• **Source material**
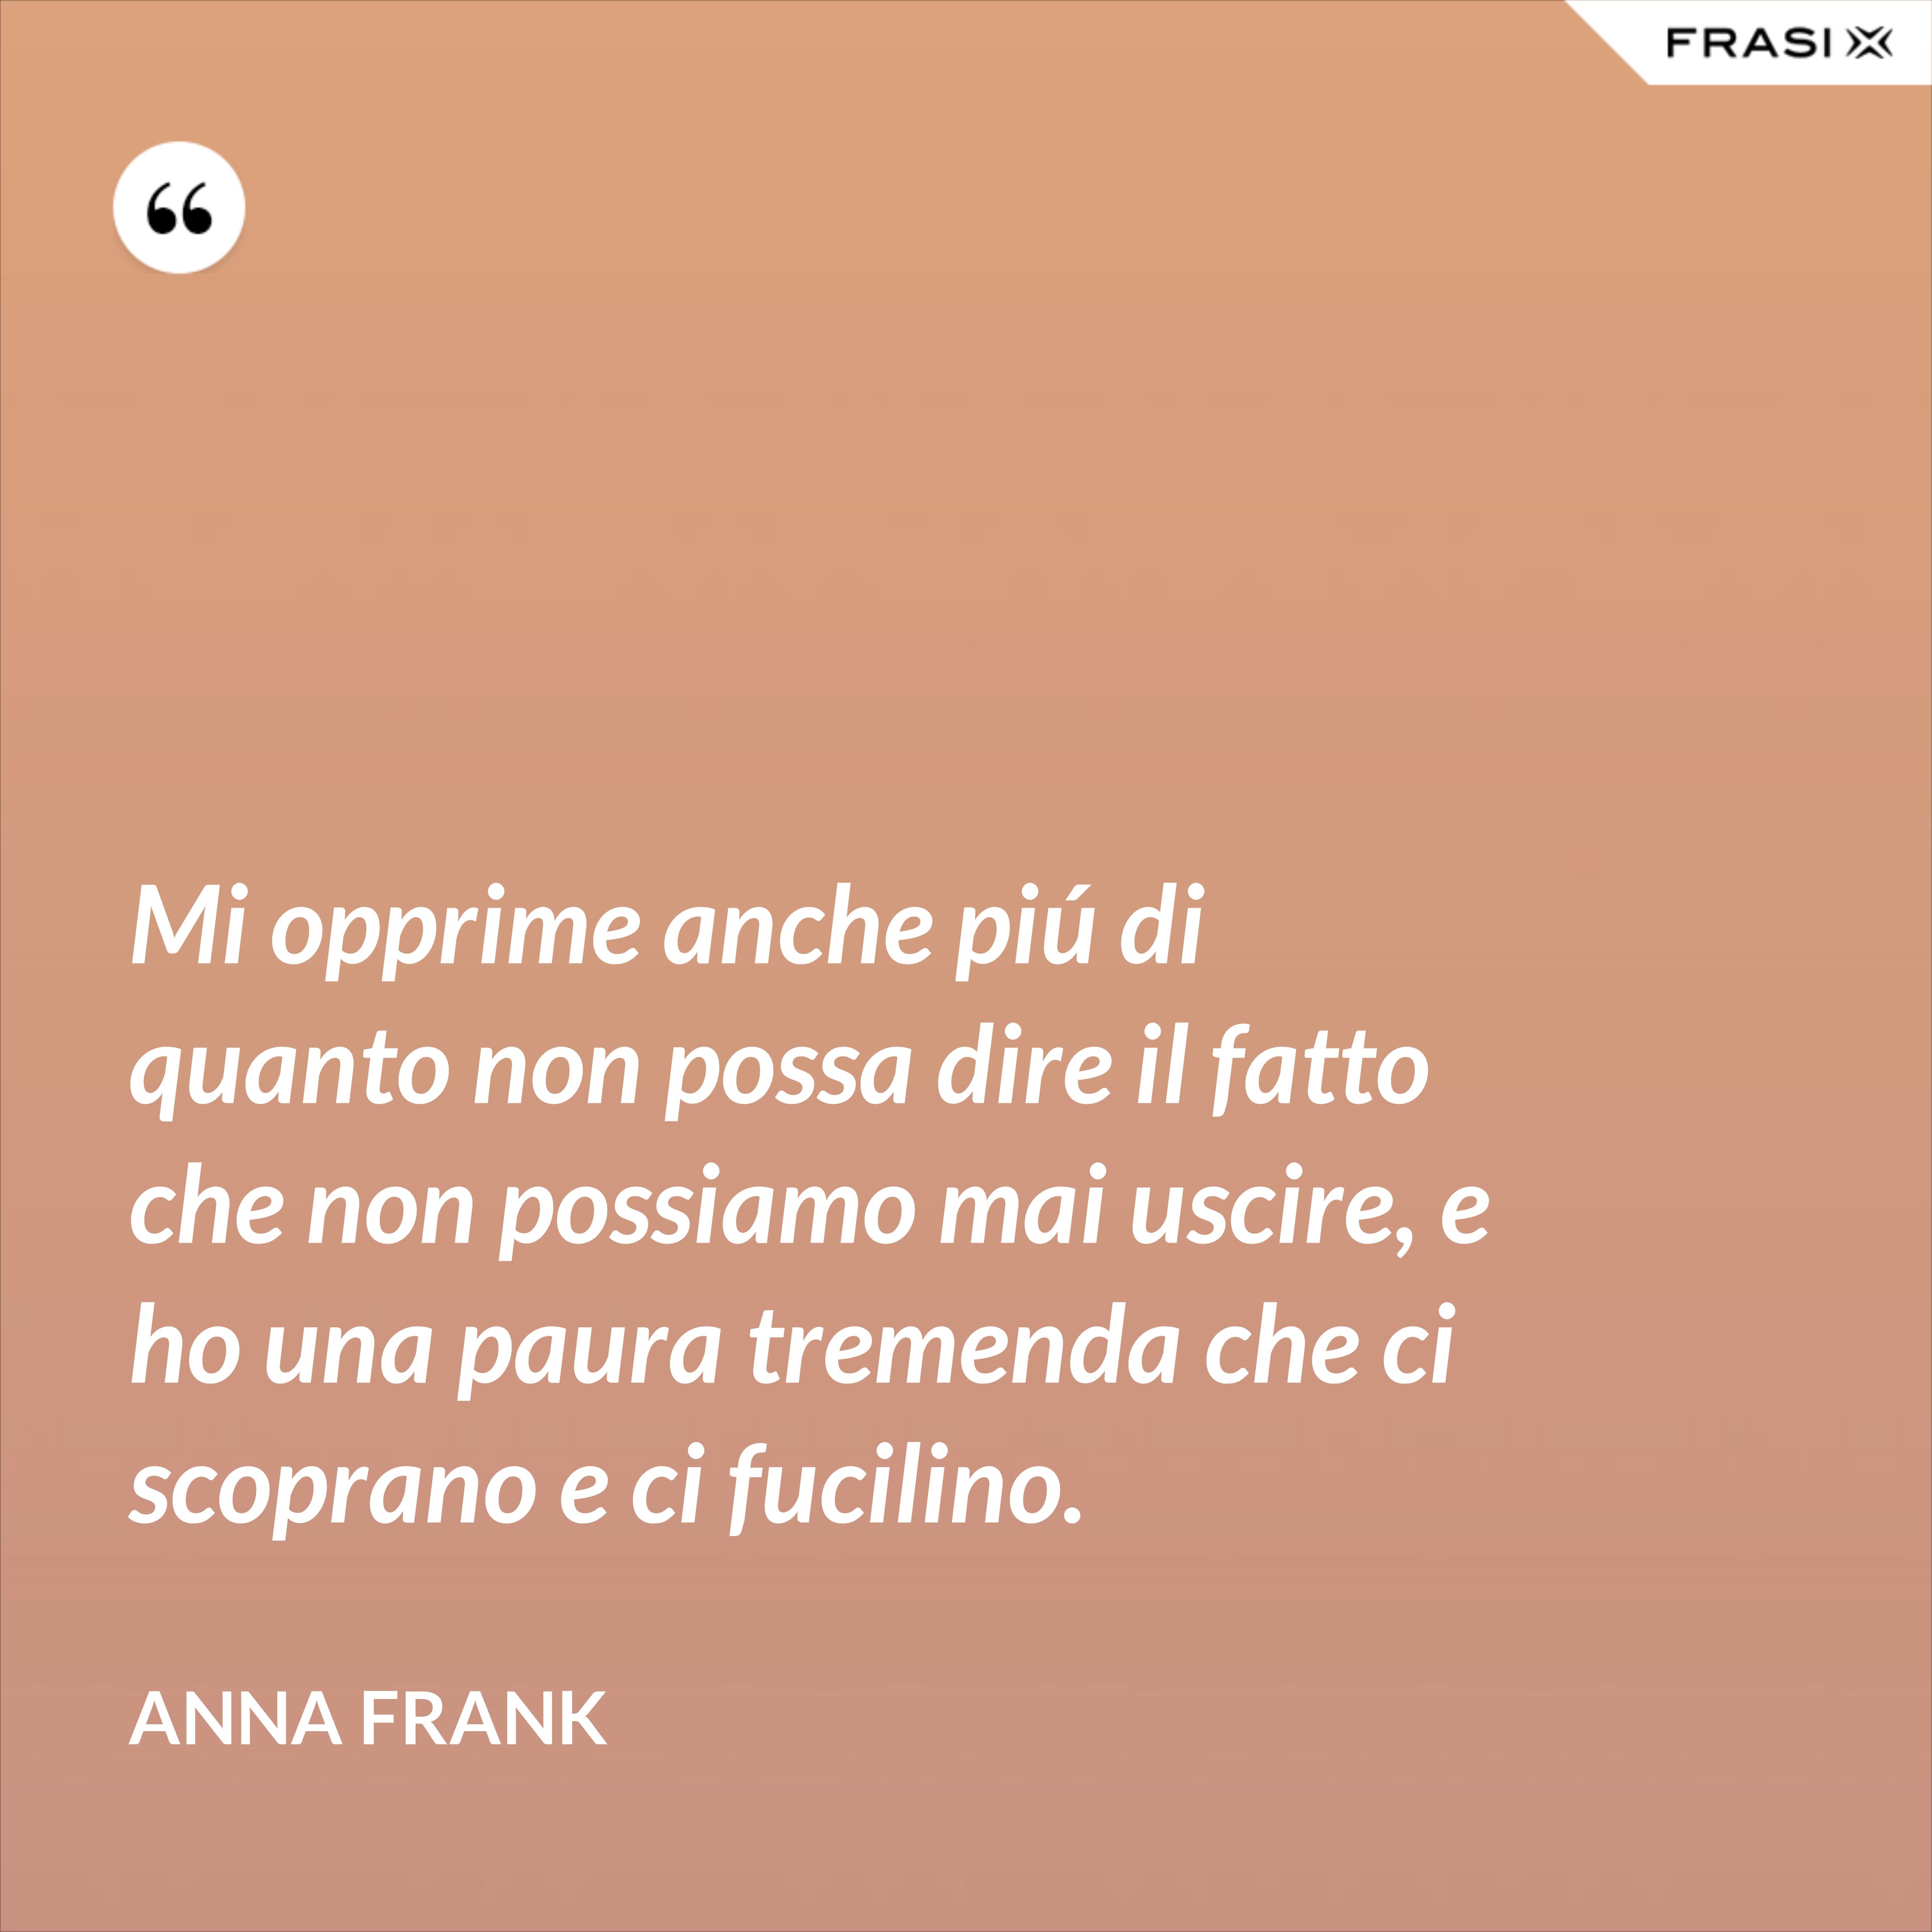 Mi opprime anche piú di quanto non possa dire il fatto che non possiamo mai uscire, e ho una paura tremenda che ci scoprano e ci fucilino. - Anna Frank
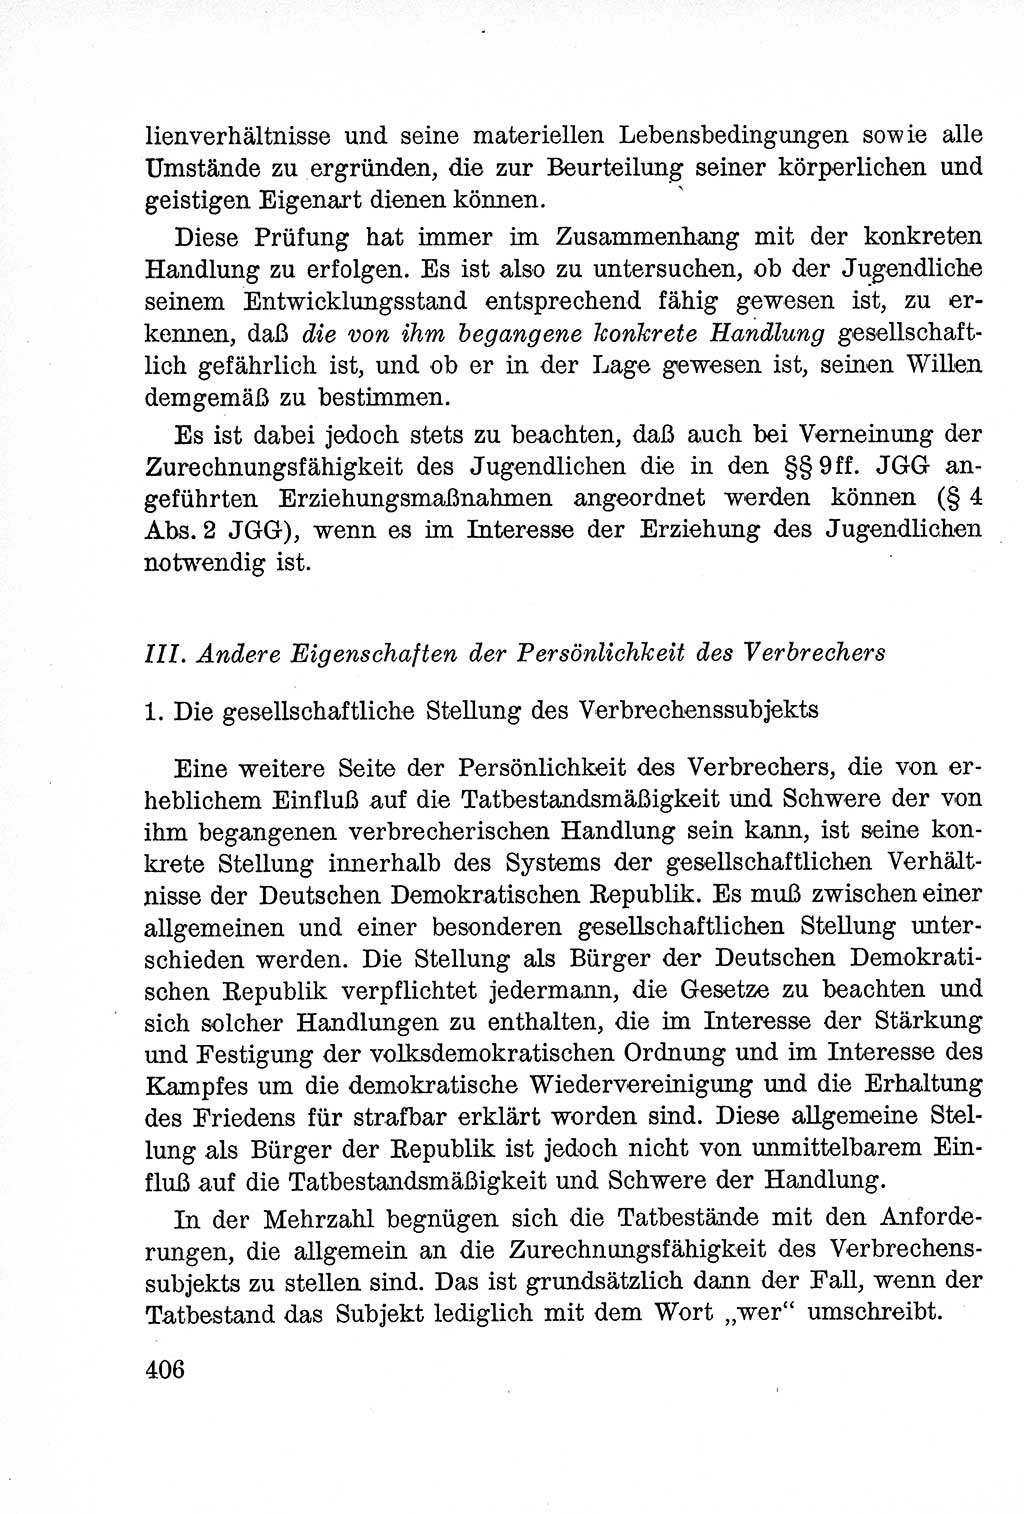 Lehrbuch des Strafrechts der Deutschen Demokratischen Republik (DDR), Allgemeiner Teil 1957, Seite 406 (Lb. Strafr. DDR AT 1957, S. 406)
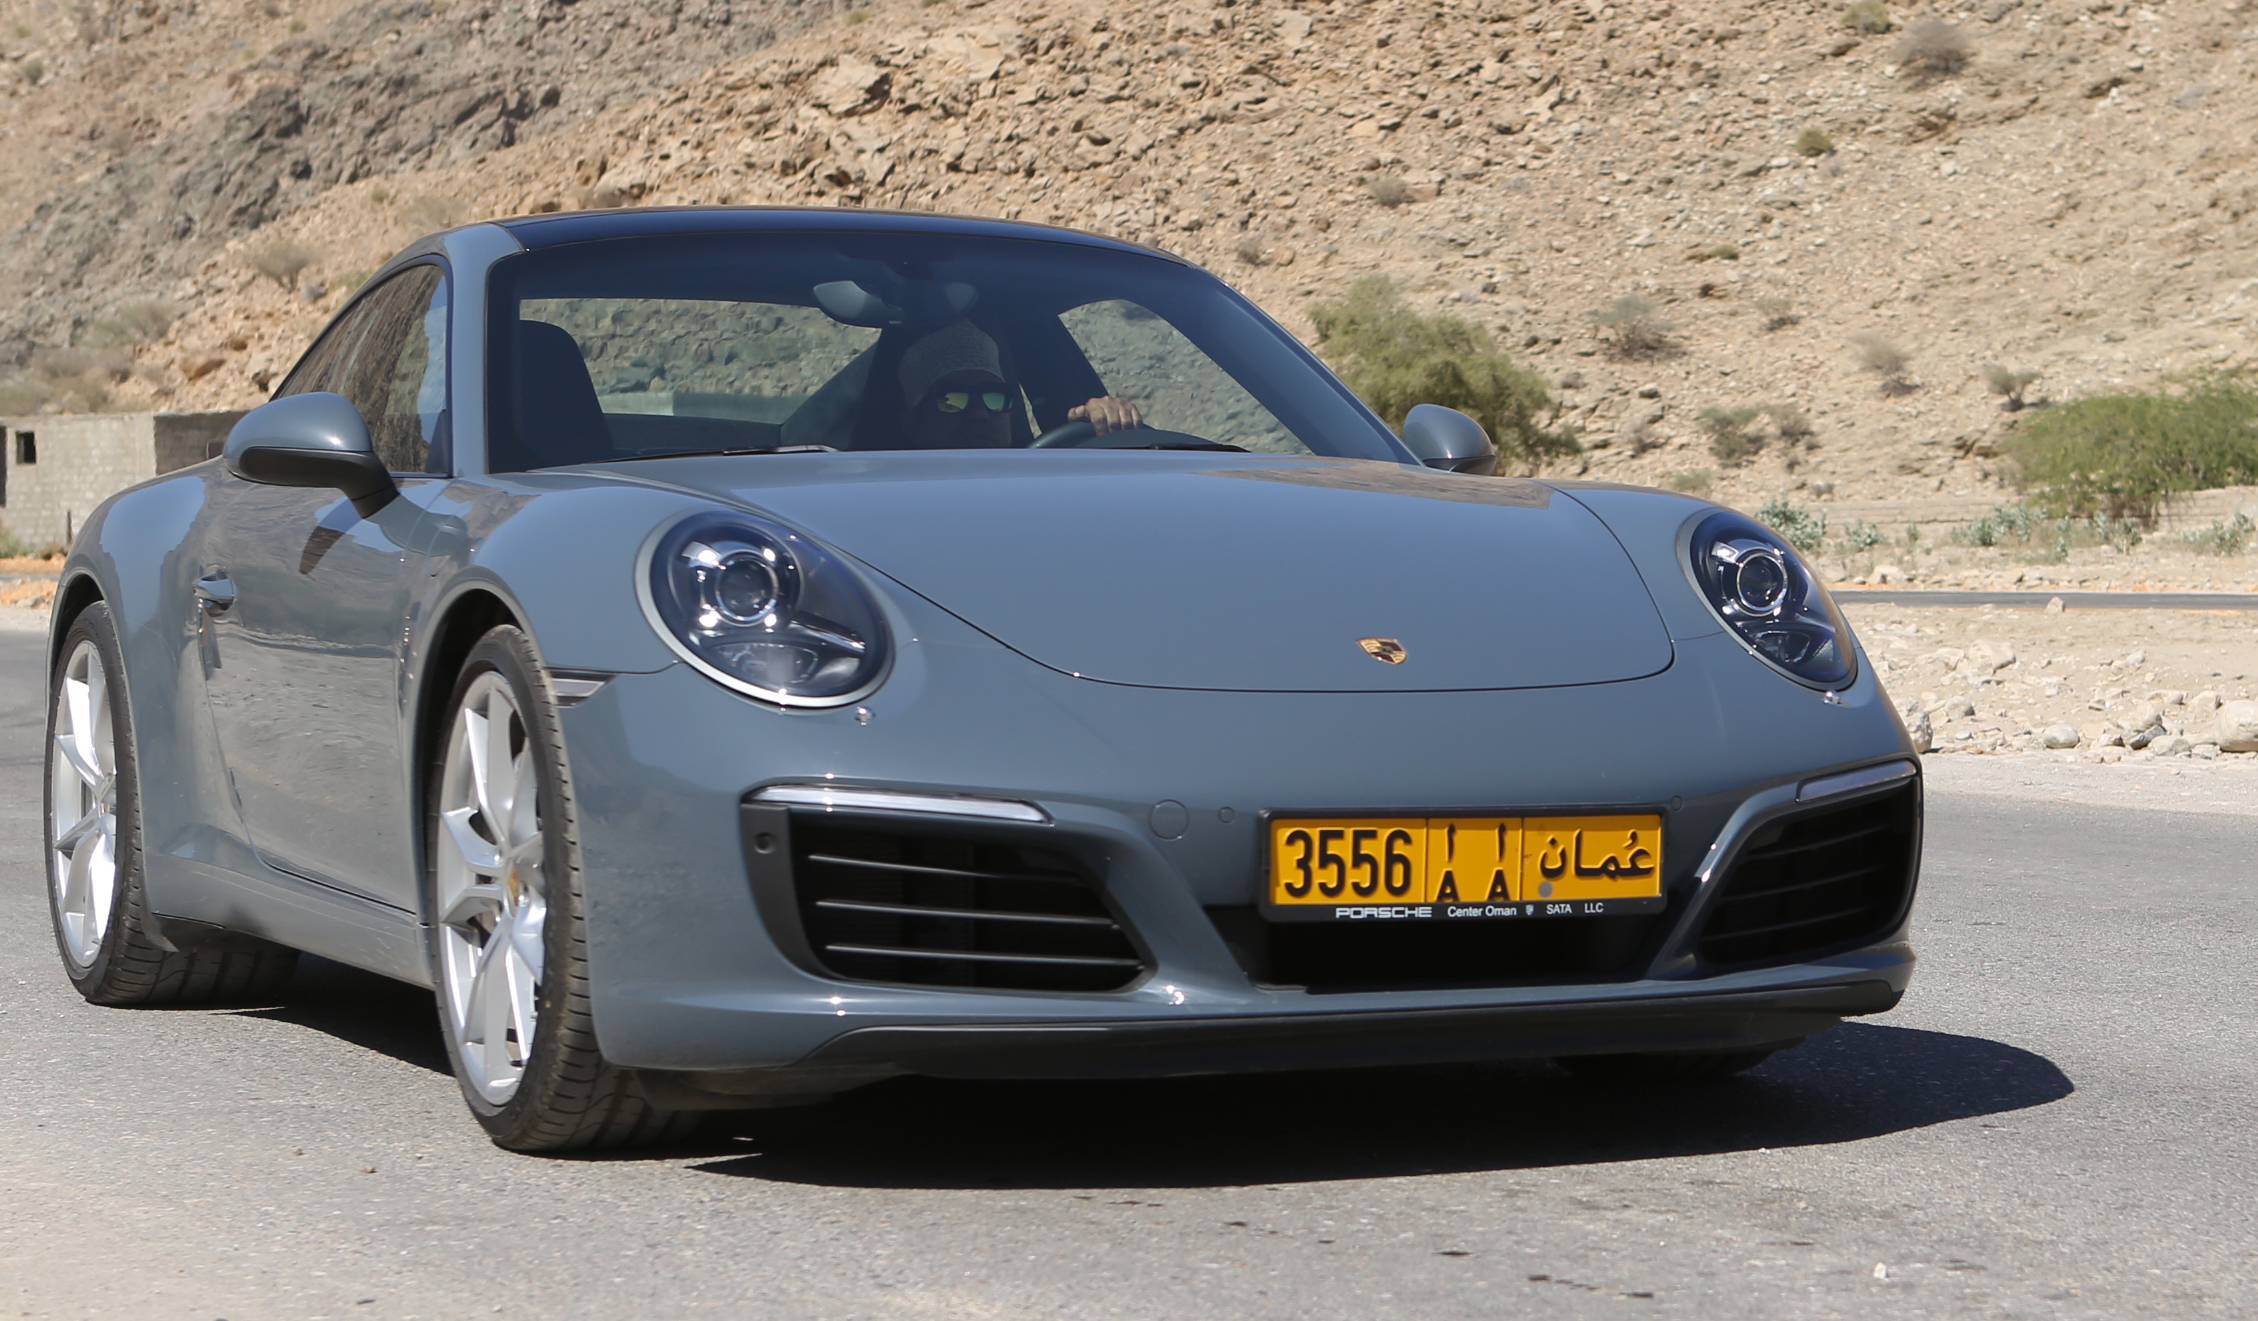 Oman Motoring: A day with seven Porsches

• **Requirement**
The required output is every line of the data above, set down exactly and stripped of pictures.

• **Problem solution**
 Mi opprime anche piú di quanto non possa dire il fatto che non possiamo mai uscire, e ho una paura tremenda che ci scoprano e ci fucilino. - Anna Frank
 Lehrbuch des Strafrechts der Deutschen Demokratischen Republik (DDR), Allgemeiner Teil 1957, Seite 406 (Lb. Strafr. DDR AT 1957, S. 406)
 Oman Motoring: A day with seven Porsches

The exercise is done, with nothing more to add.